Another concern is potential bias in the data. The dataset only includes housing data from Ames, Iowa, which makes it useful for understanding that specific market, but limits how well the results can be applied to other cities. If these findings were used to make decisions in different housing markets, it could lead to biased or misleading conclusions.

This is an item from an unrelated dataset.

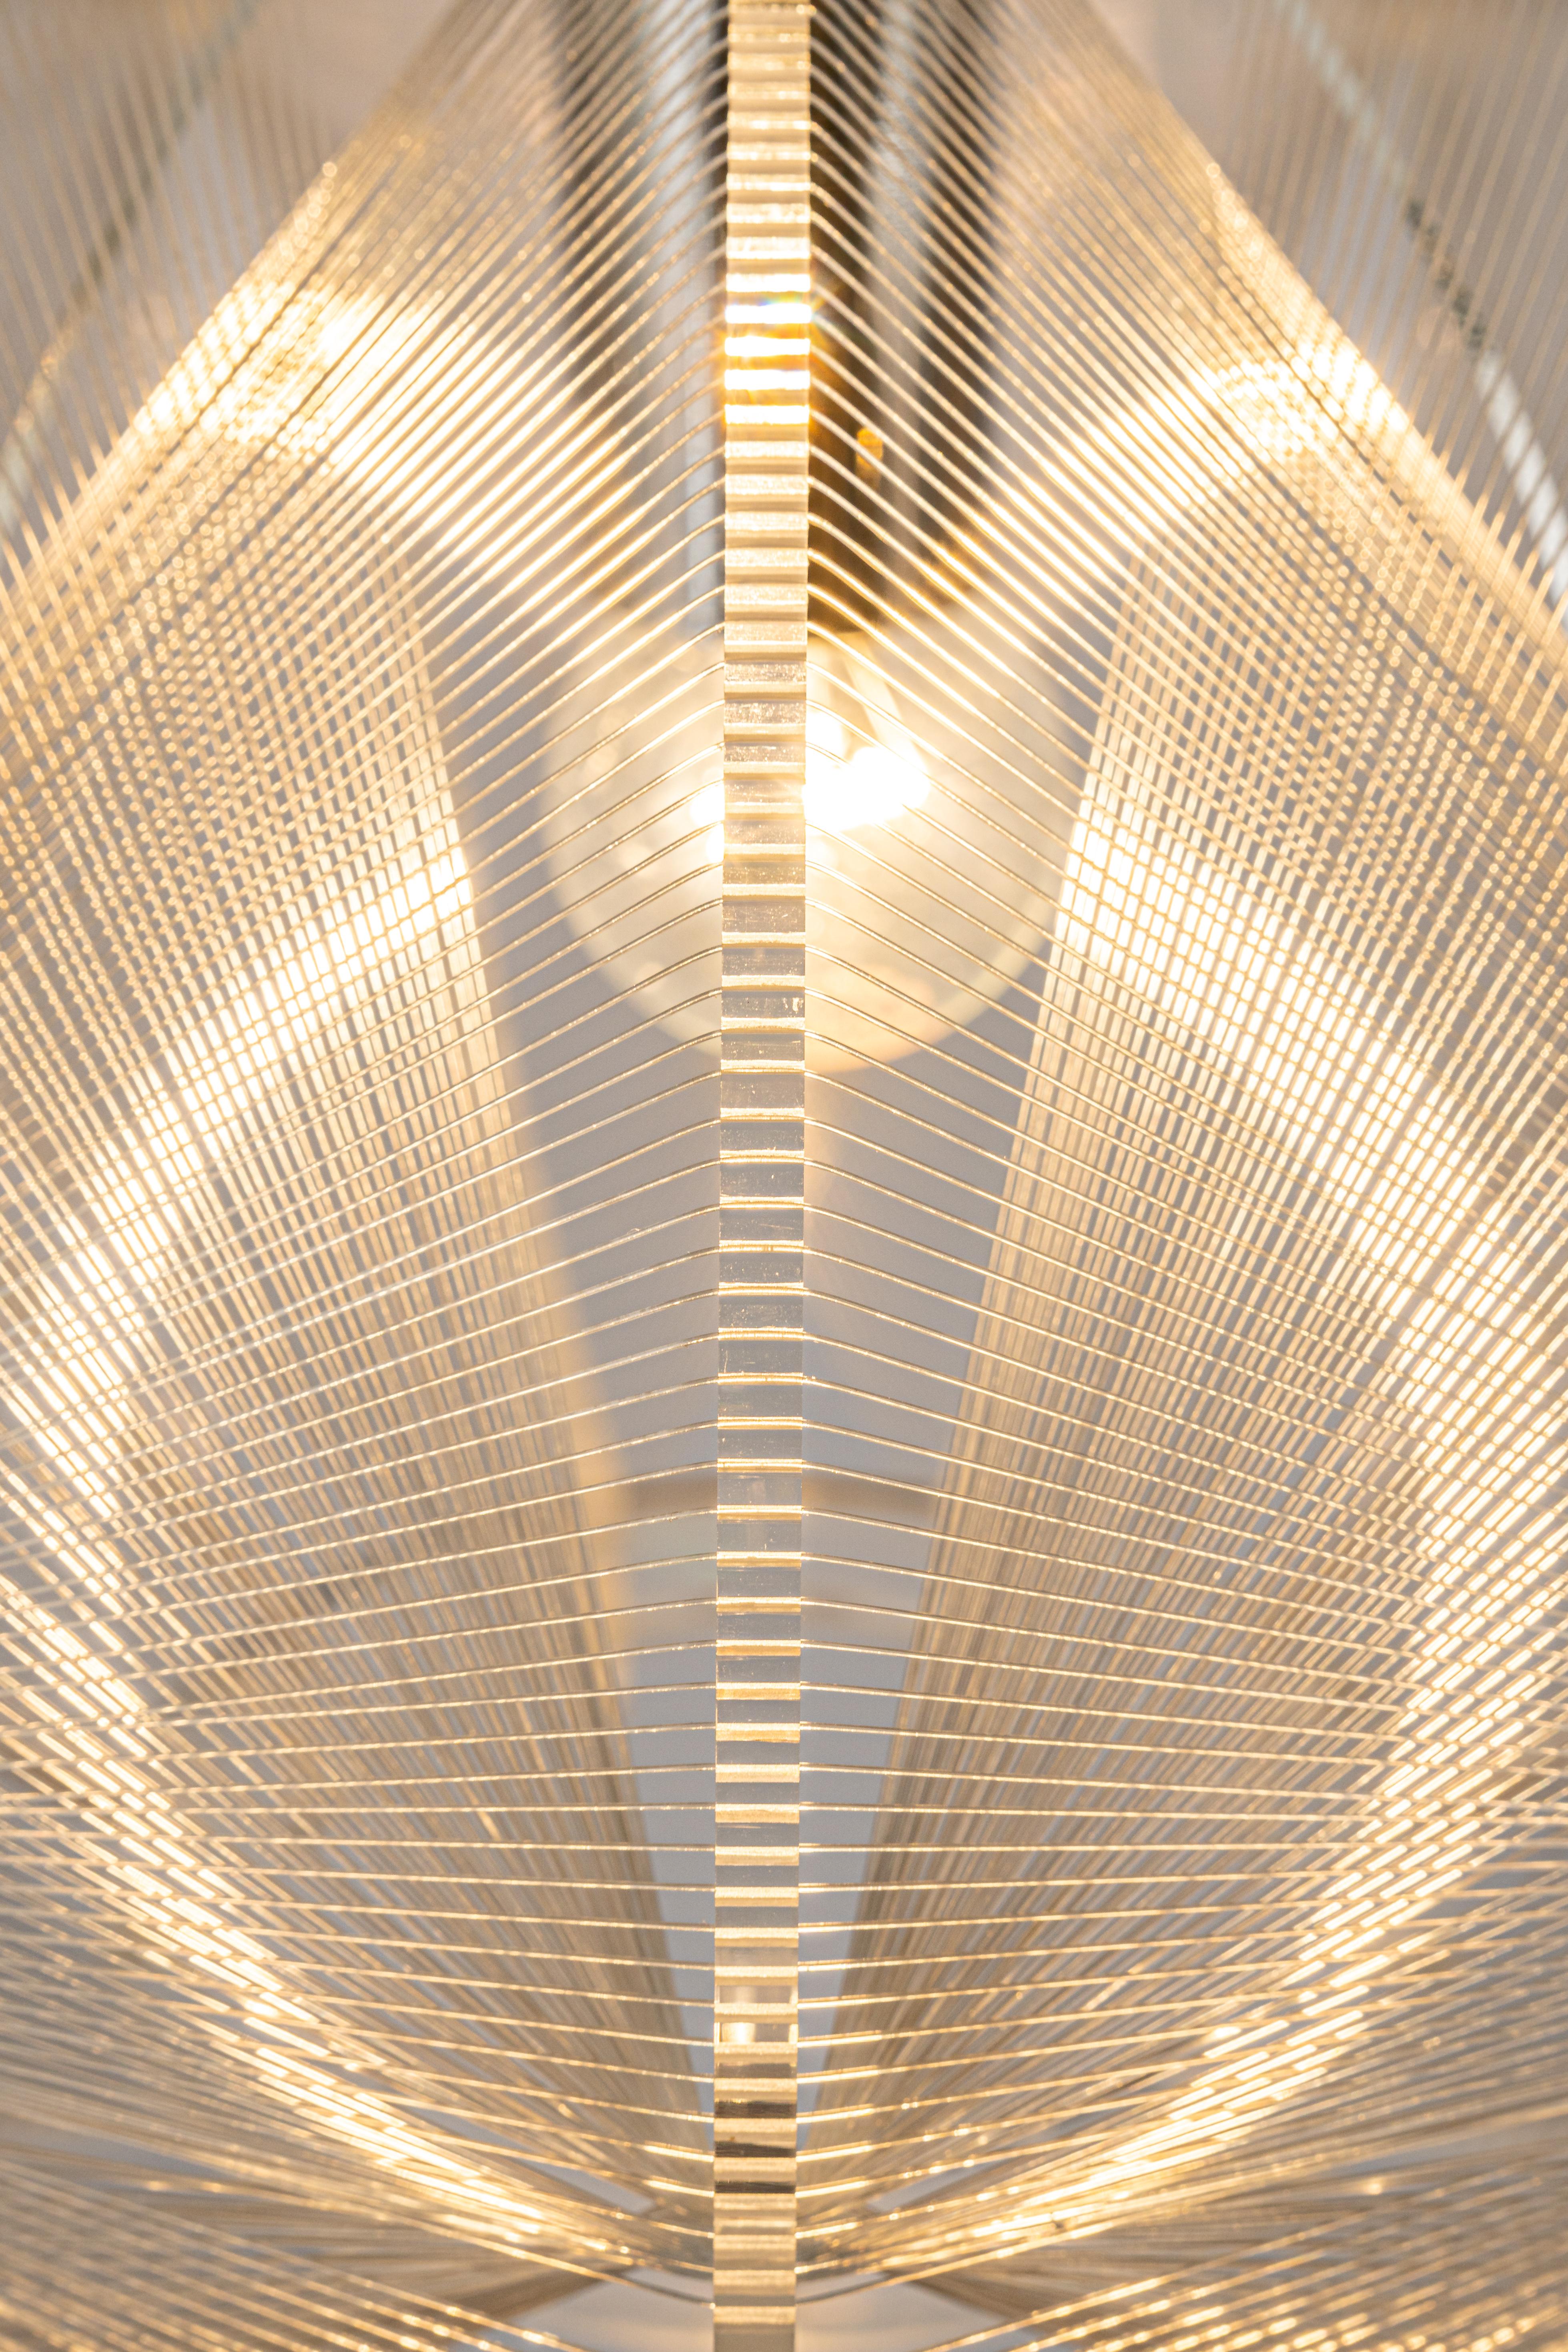 Lampe suspendue en fil métallique transparent par Paul Secon pour Sompex, années 1970. La lampe suspendue est fabriquée en Lucite clair avec des fils de nylon tissés entourant l'ampoule, ce qui donne une lumière chaude lorsqu'elle est

There are also important factors that may not be fully captured in the dataset. For example, external influences such as interest rates, economic conditions, neighborhood development, and buyer preferences can all impact housing prices but may not be directly measured. This limits the ability of the model to fully explain price variation.
Finally, different groups are affected by this analysis, including real estate agents, homeowners, and potential buyers. If the model provides inaccurate or outdated recommendations, it could lead to homes being overpriced or underpriced, which may negatively impact financial outcomes and decision-making for these groups.